收費章節(12點)
圖紙送去後,過了十幾日,舒弘讓人將東西送了進來,原木的顏色沒有上漆,只是打了層薄薄的蠟,模上去滑潤的感覺,一股子楠木的香味淡淡地飄著,打開盒子,木制的蓮花把手小巧精致,抽屜里鋪著紅色的絲絨,很讓她滿意,只是她原本想要的銅鏡卻換成了一種明亮的材質,照得人臉上的絨毛可見。
「咦?這是什麼鏡子?」模上去沁涼沁涼的,很是舒服。
「回小娘子話,我家公子說,這東西叫水晶鏡子,原本是宮里造辦處制的,從前都是專供宮中貴人們使用,多余的便用海船賣到外面去,今年官家發了話,允許民間使用,公子便做主替您換了。」送東西來的是位陌生的管事媳婦。
雲槿嵐看了眼林媽,林媽會意地遞了個荷包過去,隨口一問,「你是?」
那管事媳婦爽快地接了荷包,恭敬地回了話,「您是林媽媽吧,我夫家姓舒,原本在洛城莊子干活,公子明年要成親了,便讓我們全家過來听吩咐,公子說了,以後小娘子有什麼需要跑腿的,交待我就是了。」
「原來是舒大嫂子,煩你去跟你家公子說一聲,東西很合心意,謝謝了,只是這鏡子怕是比銅鏡要精貴些,三百兩可夠?」
「公子說銀錢是足夠的。」舒大嫂子心里卻想著,怎麼會夠,僅是那面鏡子就去了二百兩。
既然他這麼說,雲槿嵐也不矯情,命冬素拿了新房子的圖紙過來,「我自個兒琢磨了兩日,也不知合不合用,若是不合用,讓你家公子自去改好了。」
舒大嫂子接過後,也不多話,自回去尋了舒弘。
莊子重建,楊宣翊自不好再住在莊子里,舒弘便使人在零陵租了個院子,讓他暫時歇腳,誰想此人是個呆不住的,整日帶著那美人四處玩耍,到是把附近的好山好水玩了個遍。
這日,楊宣翊去北麓山谷見沈先生,一進門便見沈容安與舒弘兩人正在研究桌面上的圖紙,也湊過去看了半天,不由地贊嘆起來,「這園子設計得不錯嘛,特別是這一處九曲戲荷廊,借著現有的水道和山體,仰觀山景,俯戲荷田,真是雅致得緊。這園子是誰設計的?趕明兒我開府時,也給我去拾掇拾掇。」
「小王爺怕是沒這機會了。」沈先生拂著不長的胡須,心里暗嘆,雲家這位小娘子確實是不錯,舒弘娶了這門親不屈。
「為何?憑什麼可以給你設計園子,不能給我設計?」楊宣翊瞪著舒弘,擺出一副氣勢壓人的模樣。
舒弘可不怕他,低頭繼續研究起圖紙來。
「雲小娘子可一點都不像是閨閣中長大的女子,這園子設計得很是精巧,應該見識不少。」
听到沈先生的話,舒弘不由自主地愣了神,听聞她從前總是呆在繡樓和書閣里,什麼時候出去見識的?

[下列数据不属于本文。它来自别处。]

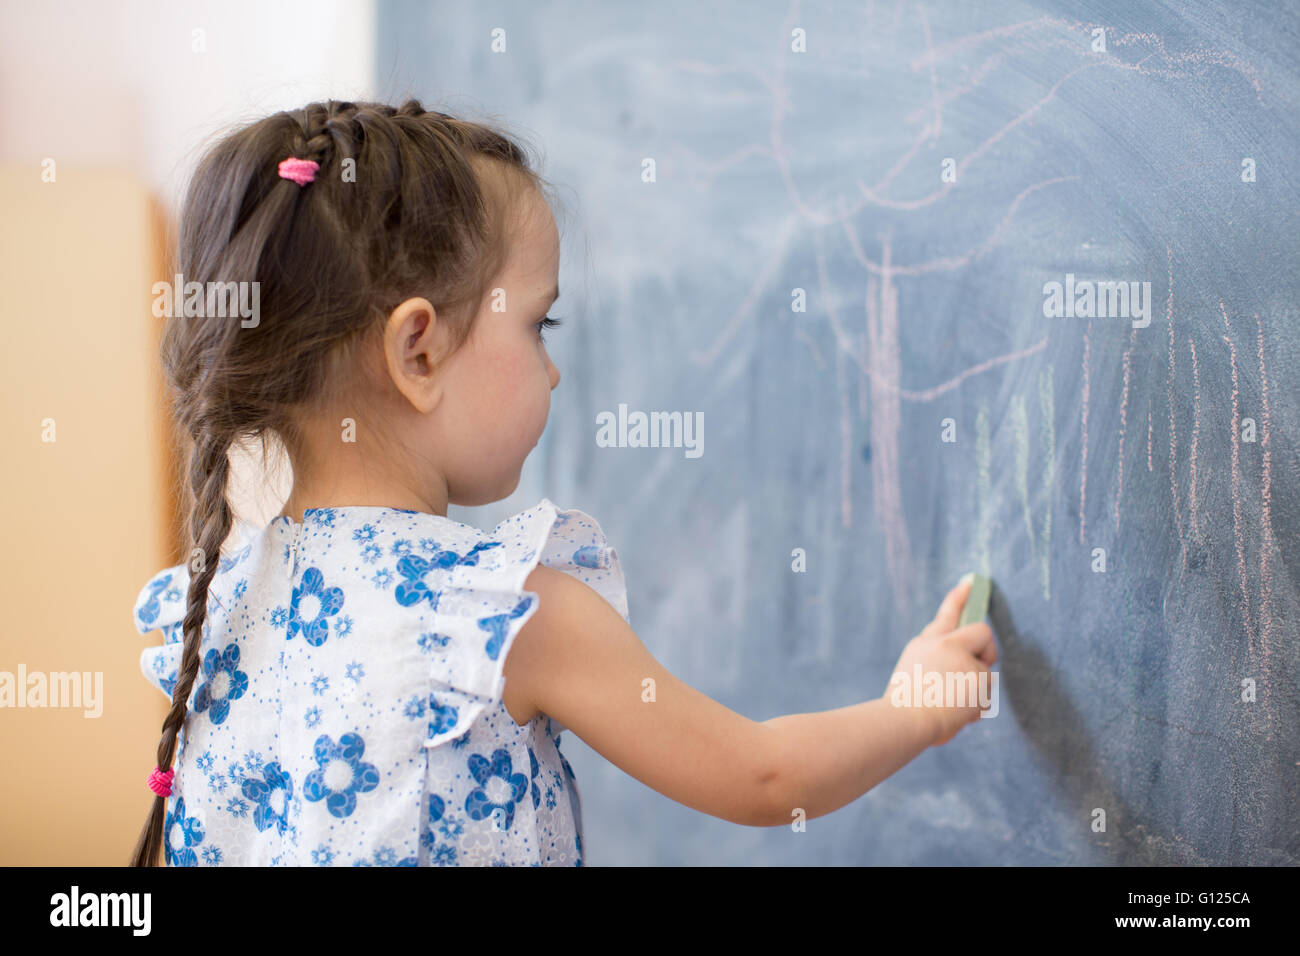 little girl side view near blackboard Stock Photo

「是雲槿嵐設計的?」楊宣翊不信地趴在桌面上,細看了半天,「舒弘,我不管,我家的園子一定要比這更精巧。」
「關我何事?」
「怎地不關你的事?若不是你插一桿子,如今她可是我的人了,這園子自然就是我的園子。」楊宣翊耍起了賴皮。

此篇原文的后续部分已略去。